Monday, December 24, 2007

Wrens and old celebrations

In Ireland and the Isle of Man there is a tradition at Christmas time which uses wrens. In Ireland, on Christmas, boys go out and hunt wrens. The boys are called, 'Wren Boys.' In the Isle of Man, on Christmas Eve, people hunt a wren and then take the wren to the church yard and bury the wren with a solemnity befitting a member of the community. This tradition of the wren clearly has an origin in Celtic lore, and is probably pre-Christian, but how there is a connection between Christmas and wrens, I have no clue.

Nevertheless, the concept of the use of a simple, humble house wren as a symbol of the coming of the King of Kings, born in a cave/stable is appealing. We celebrate a God who chose to throw off the livery of rule to live as one of us. A God who lived like men and felt the pain of living. That is the key to Christmas.

On our family farm, an old, whitewashed wooden out-building stood immediately behind the house, which enclosed the carport where my grandmother parked her car, a coal house which also kept the yard tools, and a smoke house. At Christmas time, the two overwhelming smells of my childhood were the sweet smell of coal smoke and the pungent, musty smell of smoked hams hanging in the smoke house. During my boyhood, when we had travelled back home to Kentucky and Tennessee for Christmas or Thanksgiving, everywhere you went smelled of coal smoke. Coal was commonly used for heat in that area. It was not a smell you smelled often in Indianapolis or Huntsville or Atlanta at the time.
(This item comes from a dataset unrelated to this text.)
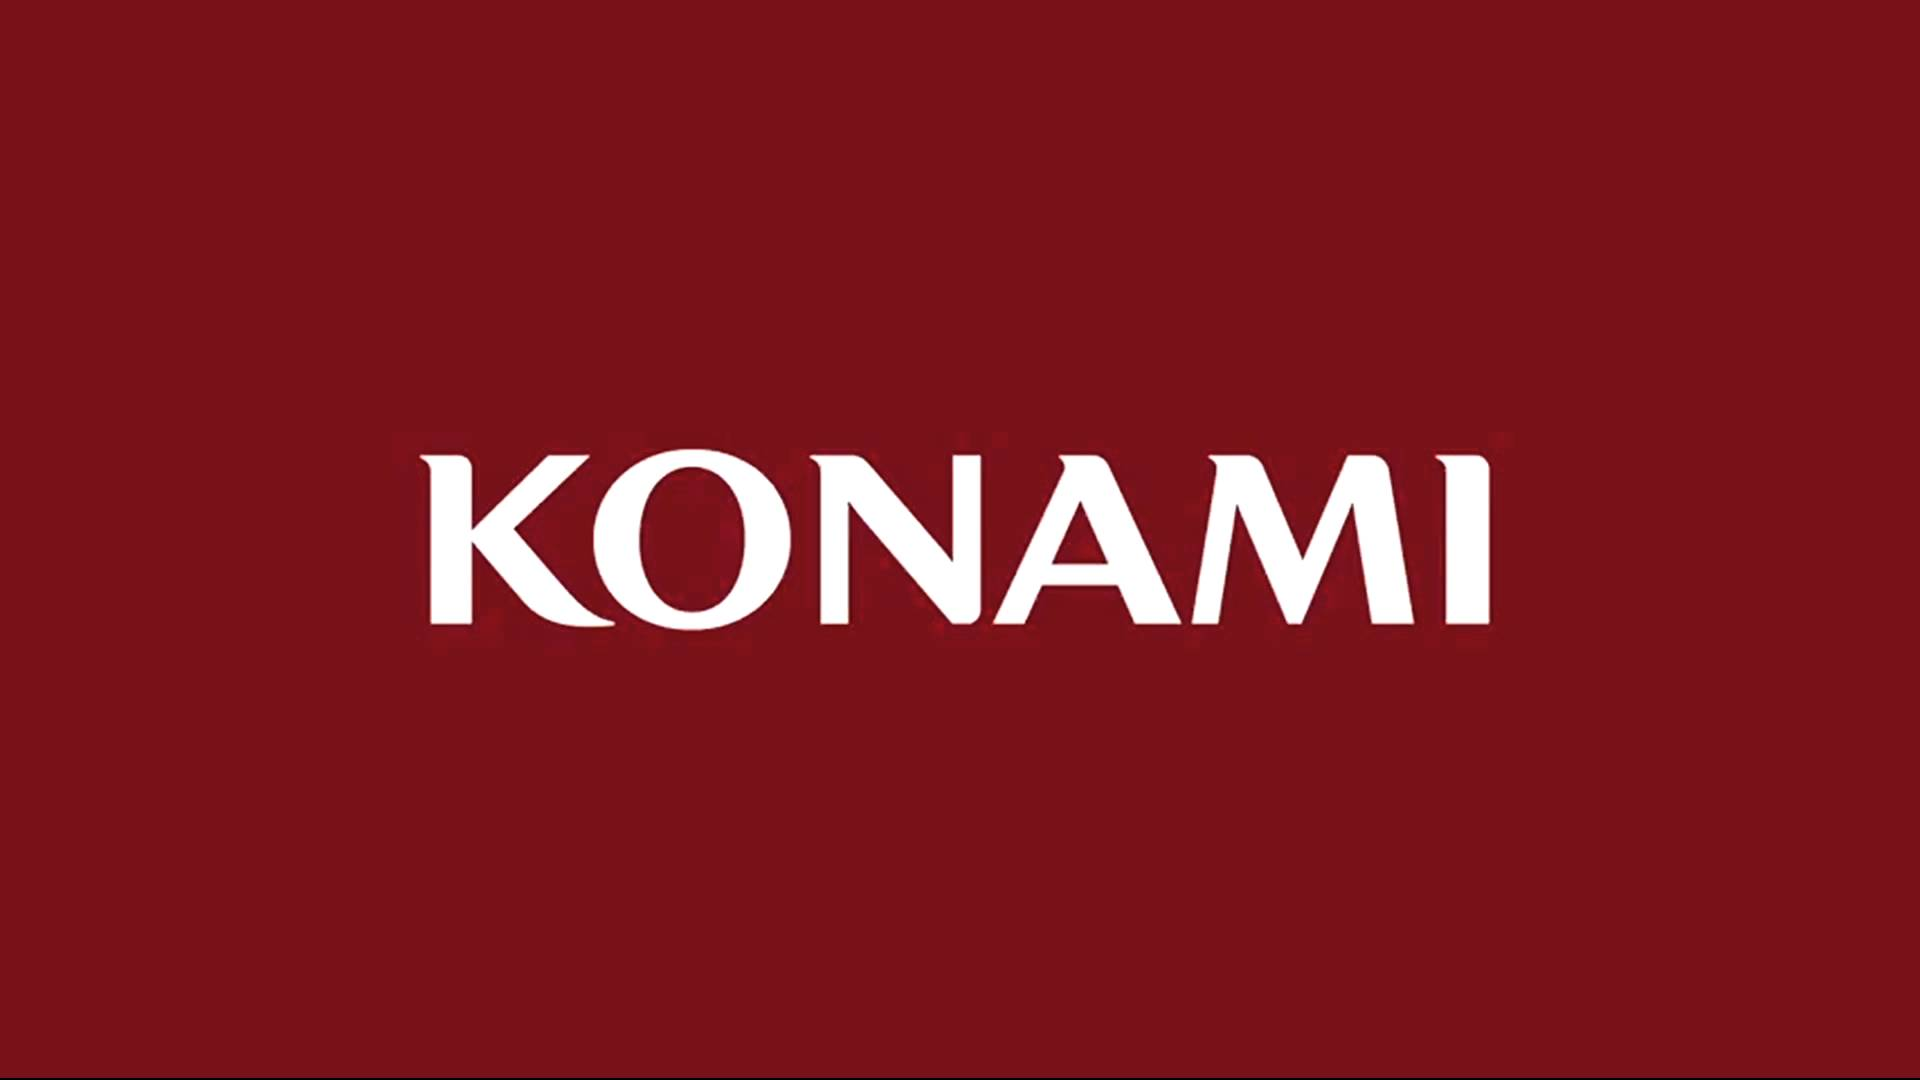 konami_large_header

As a result, I always associated that sweet smell with the family home, especially during the Winter months and the holidays. During the Winter in that region, a small pile of coal was kept in the coal house for heat, even after the house was converted to natural gas and electricity.

Nothing means Christmas more to me than when I open the door to my mother's kitchen and smell the aroma of a Country Ham just removed from the oven. Some vision of Heaven is contained in the hock, removed from the ham, the greasy, salty fingers of hock meat, stuffed in my mouth, the smoky grease dripping from my fingers. Right after God tells me, "Welcome home, good and faithful servant," there is the expectation that some angel or archangel will offer me a plate of freshly baked ham hock from which to pick those fingers of pork and slowly stuff my yearning mouth. That would certainly be a worthy reward.

On Christmas Day and on Thanksgiving Day at the farm, the front parlor doors were opened up and the coal scuttle was filled with coal to fuel the coal fireplace. I remember watching the coal burn a bright blue on the little coal fireplace. When I was a child there was some sweet magic in watching the black coal turn to a bright blue flame before your eyes. There is a poem by Coleridge in which he refers to the flame in a coal fireplace. There apparently was a tradition in the Lake District that the appearance of such a film portended visitors. Perhaps in my youth, that flame showed the coming of the Christ child.

The smoke of the coal fireplace and the smoke which preserved the hams, provided comfort and sustenance during the gray days of Winter. In my memory, that delicious salty meat and the sweetness of the burning coal were smoked into my soul as a sweet reminder of Christmas's past.